Substituting values we get :

$\therefore I = 20000 \times \dfrac{24(25)}{24} \times \dfrac{8}{100} \\[1em] = 20000 \times 25 \times \dfrac{8}{100} \\[1em] = 20000 \times 2 \\[1em] = ₹ 40,000$

Maturity Value (M.V.) = Sum deposited + Interest

= ₹ 20,000 × 24 + ₹ 40,000 = ₹ 5,20,000.

Hence, the maturity value of this account at end of 2 years = ₹ 5,20,000.

(ii) Maturity value of the R.D. account is ₹ 5,20,000.

So the maturity value is not equal to ₹ 6,00,000.

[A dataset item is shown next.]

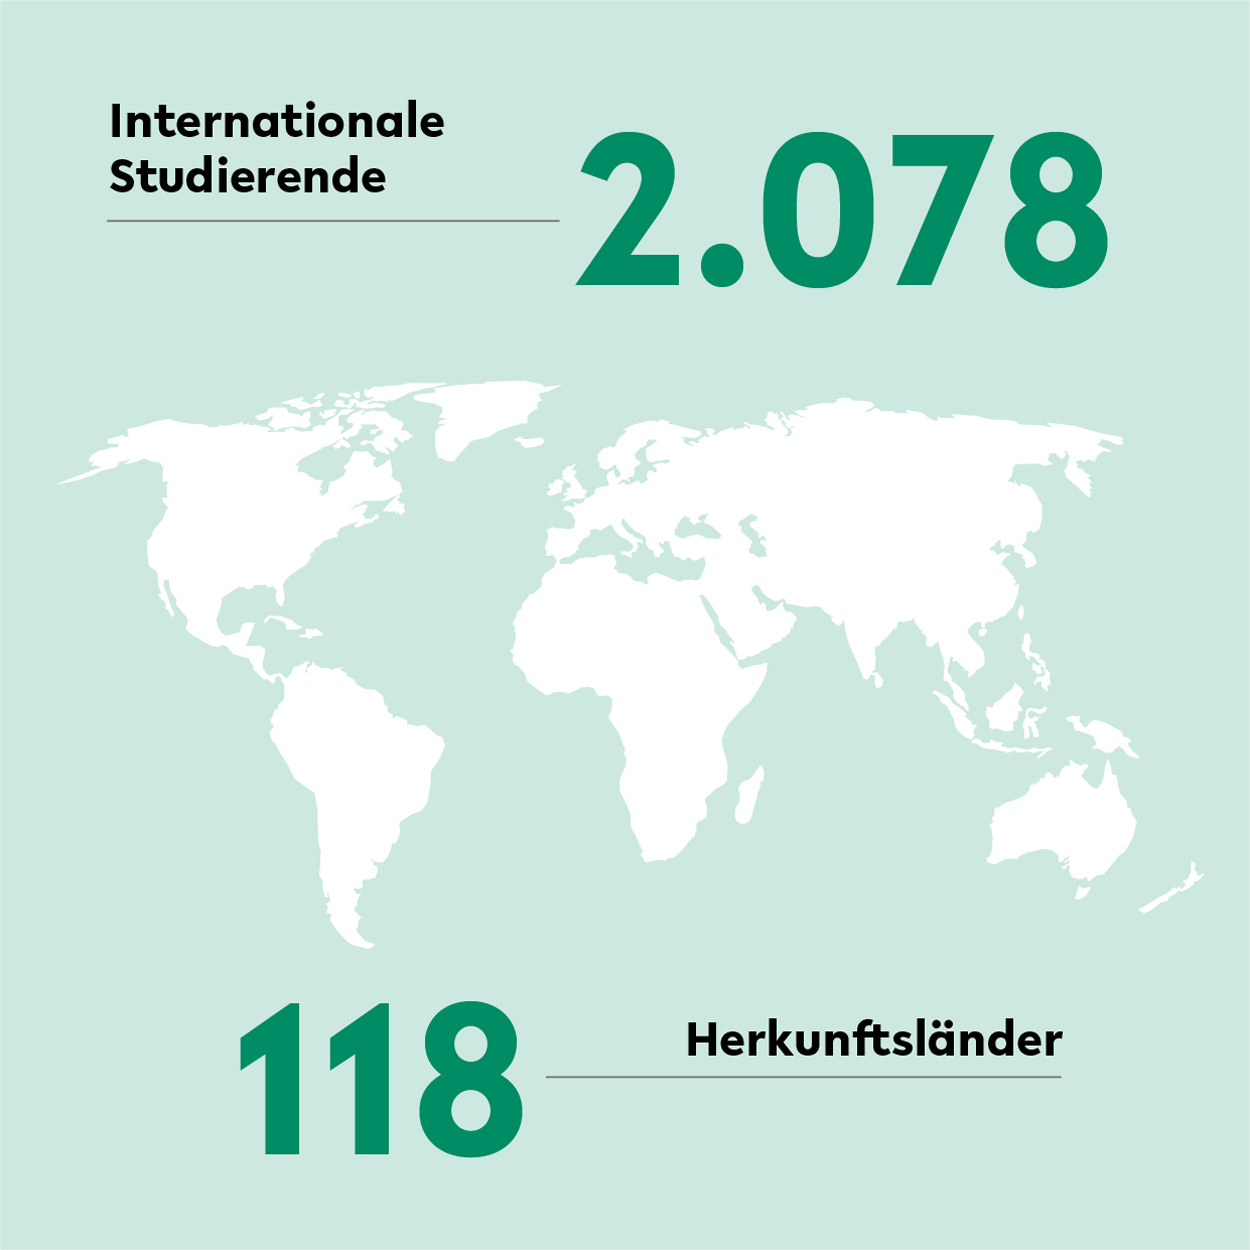 An der Universität Bielefeld studieren im Jahr 2021 2025 internationale Studierende aus 118 Ländern.  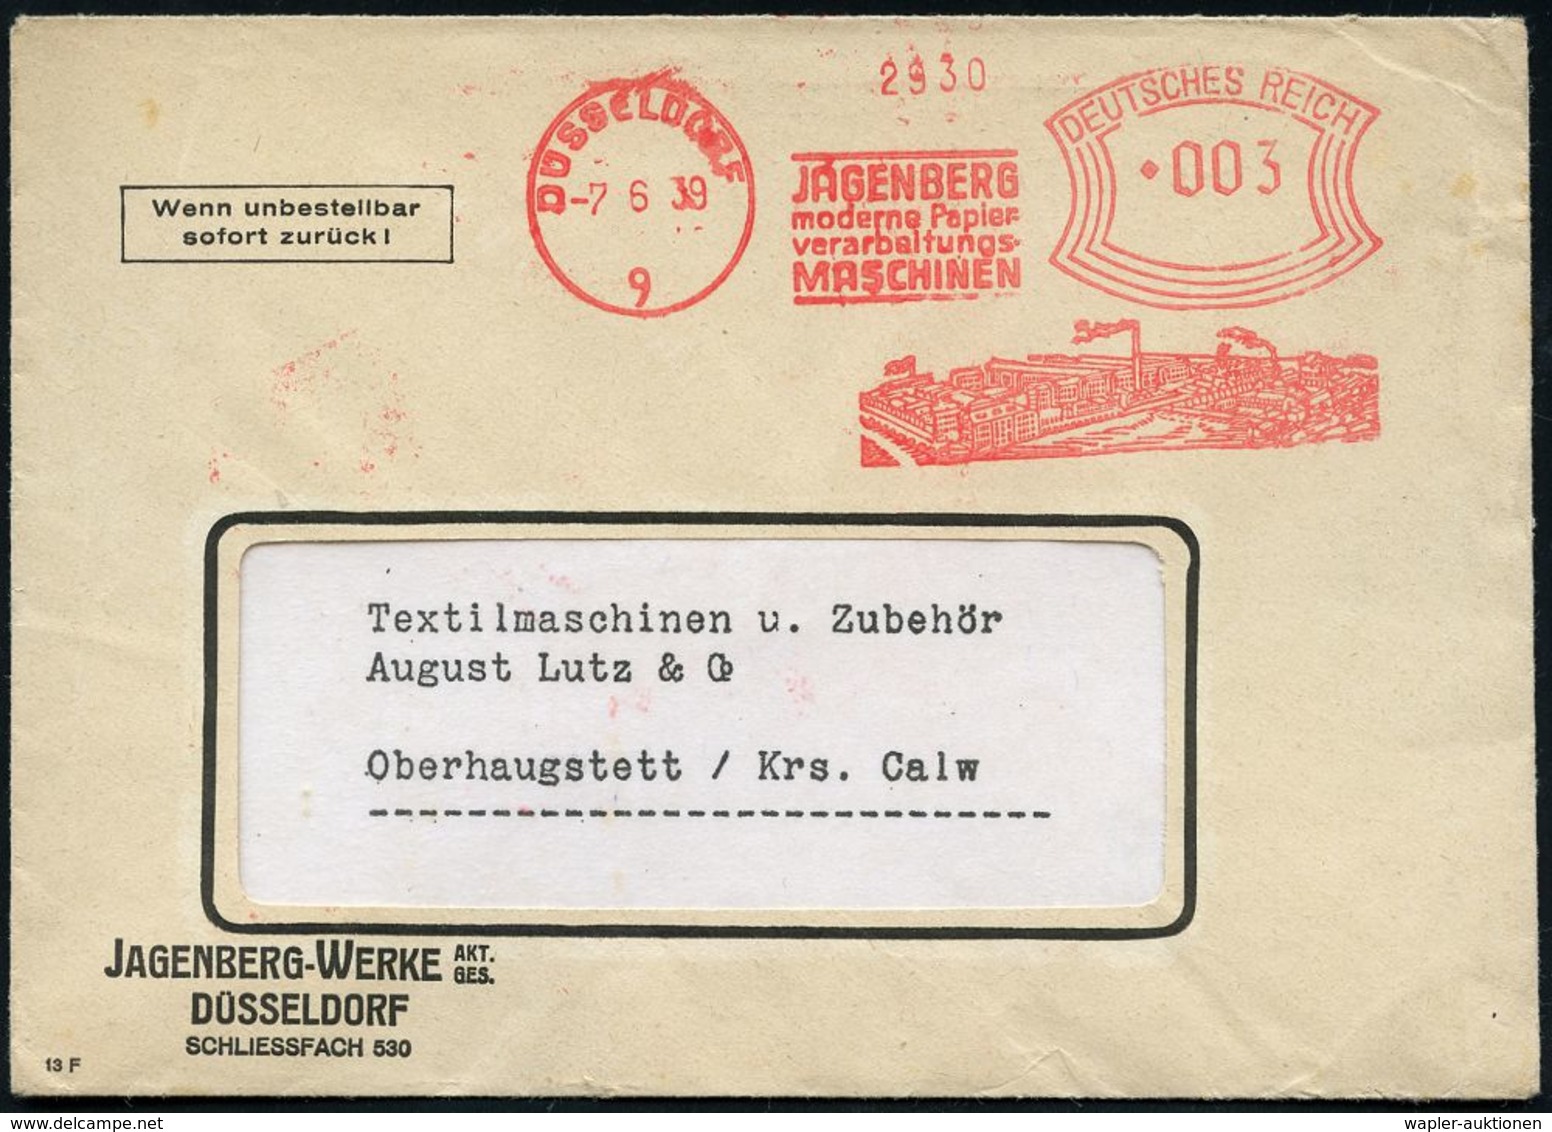 PAPIER / PAPIERVERARBEITUNG / ZELLSTOFF : DÜSSELDORF/ 9/ JAGENBERG/ Moderne Papier-/ Verarbeitungs-/ MASCHINEN 1939 (7.6 - Non Classés

₹ 6,00,000 - ₹ 5,20,000 = ₹ 80,000

So, Manish gets ₹ 80,000 less.

Thus, the M.V. of the above R.D. account is not equal to ₹ 6,00,000.

Let required monthly instalment be x.

$I = P \times \dfrac{n(n + 1)}{2 \times 12} \times \dfrac{r}{100}$

Substituting values we get :

$\therefore I = x \times \dfrac{24(25)}{24} \times \dfrac{8}{100} \\[1em] = 2x$

Maturity value = 24x + 2x = 26x

Since required M.V. = 6,00,000

26x = 6,00,000

x = $\dfrac{6,00,000}{26}$ = 23,076.92 ≈ ₹ 23,077.

Difference in monthly instalment = ₹ 23,077 − ₹ 20,000

= ₹ 3,077.

Hence, monthly instalment should be ₹ 3,077 more per month to get ₹ 6,00,000 at the end of two years.